Security clearance is restored for ex-FBI employee who testified on politicization claims

WASHINGTON — A former one FBI employee who accused the agency of politicizing his work when he testified to Congress has seen his security clearance reinstated, his lawyers said Tuesday.

Marcus Allen was one of three men who alleged in May 2023 that the FBI committed excessive reprisals and retaliation in testimony before a special House committee investigating what Republicans call the ‘armament’ of the federal government against conservatives.

His security clearance was revoked over concerns about how his views on the attack on the Capitol on Jan. 6, 2021, affected his work, according to a letter the FBI sent to Rep. Jim Jordan of Ohio, the Republican chairman of the committee.

Allen’s clearance was reinstated after the concerns were investigated and “sufficiently mitigated,” according to a letter from the FBI’s HR department.
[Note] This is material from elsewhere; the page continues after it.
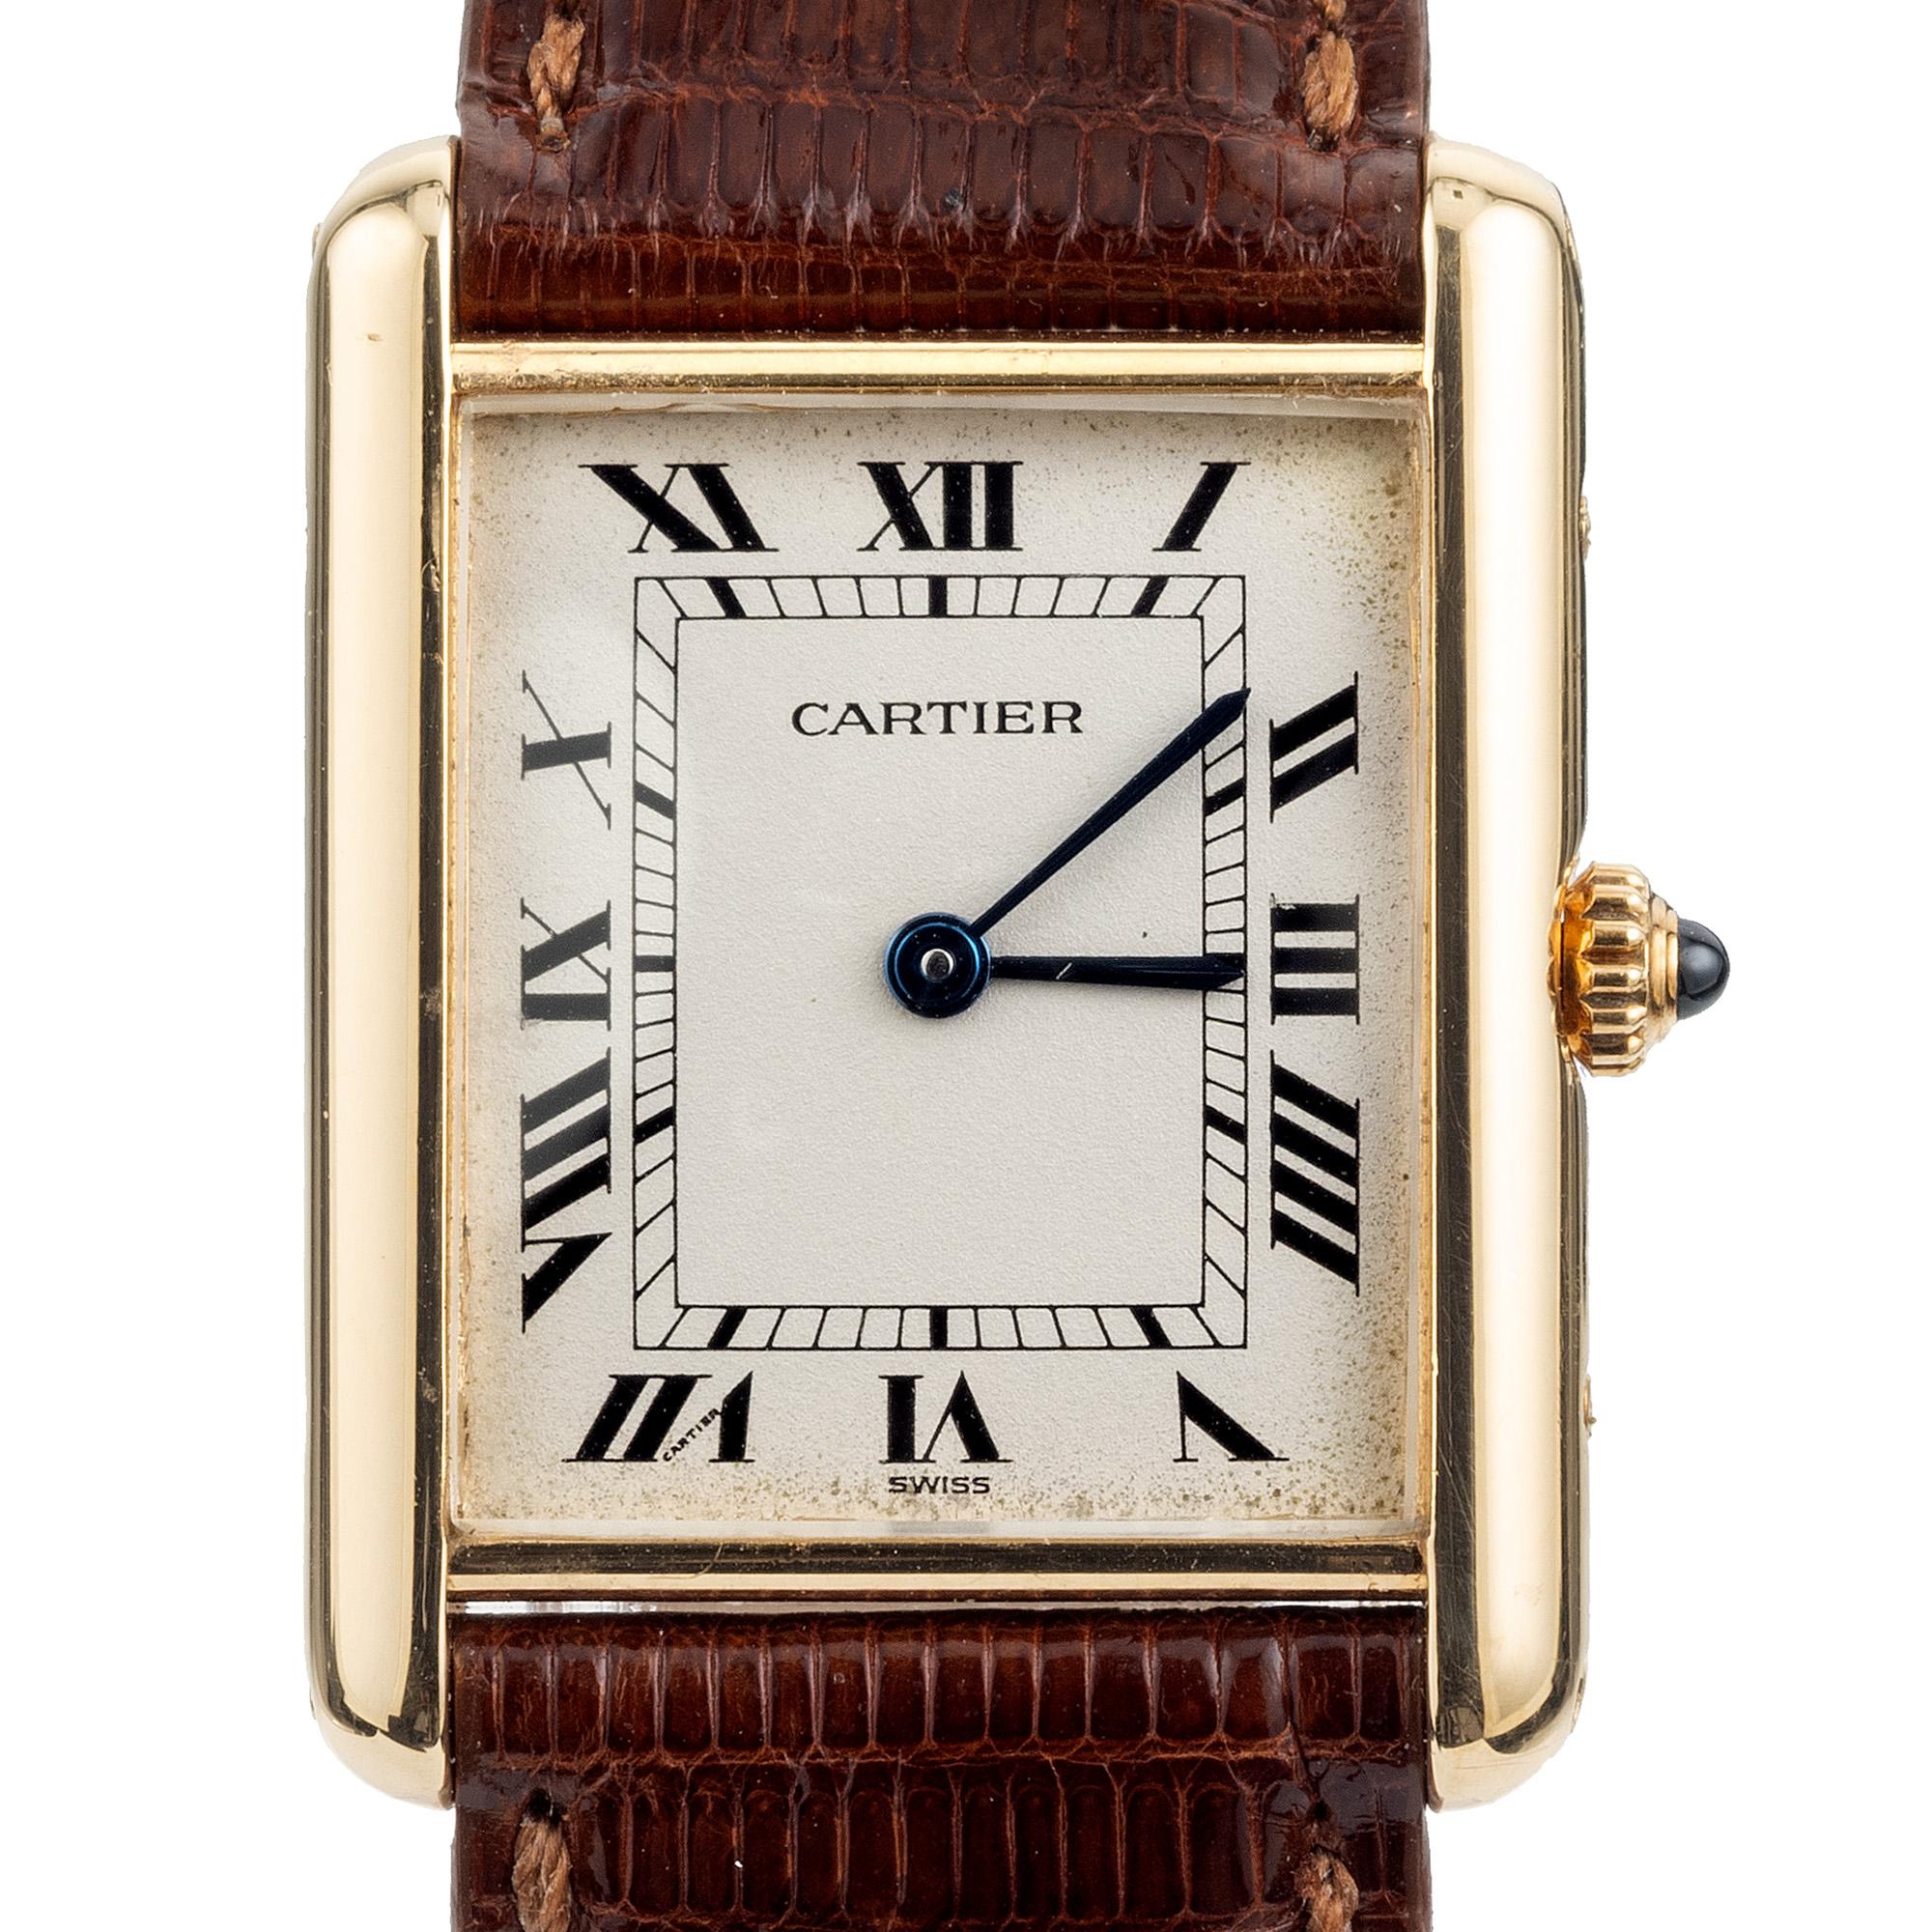 Cartier Tank Louis wristwatch. The sleek rectangular 18k yellow gold 23mm case is a hallmark of Cartier's timeless heritage and craftsmanship. Parchment Roman numeral dial and new Cartier band. 18k Cartier buckle. The absence of a date feature

He also reached a settlement with the agency under which he will receive back pay and benefit from the 27-month suspension, his lawyers said in a statement.
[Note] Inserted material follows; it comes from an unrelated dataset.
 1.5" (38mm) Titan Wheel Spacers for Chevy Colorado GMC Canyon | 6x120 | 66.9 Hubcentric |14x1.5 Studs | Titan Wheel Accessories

Allen, a former operations specialist at the FBI field office in Charlotte, North Carolina, formally resigned from the FBI on Monday.

He also filed a complaint with the Justice Department’s inspector general, alleging that his suspension was in retaliation against a whistleblower. The watchdog faulted the FBI for not having a process for employees to appeal a retaliatory suspension before it was formally revoked, a potentially lengthy process for workers without pay.

The FBI said the two sides agreed to resolve the case without either admitting wrongdoing. The agency said it takes seriously its “responsibility to FBI employees who make protected disclosures under the whistleblower policy.”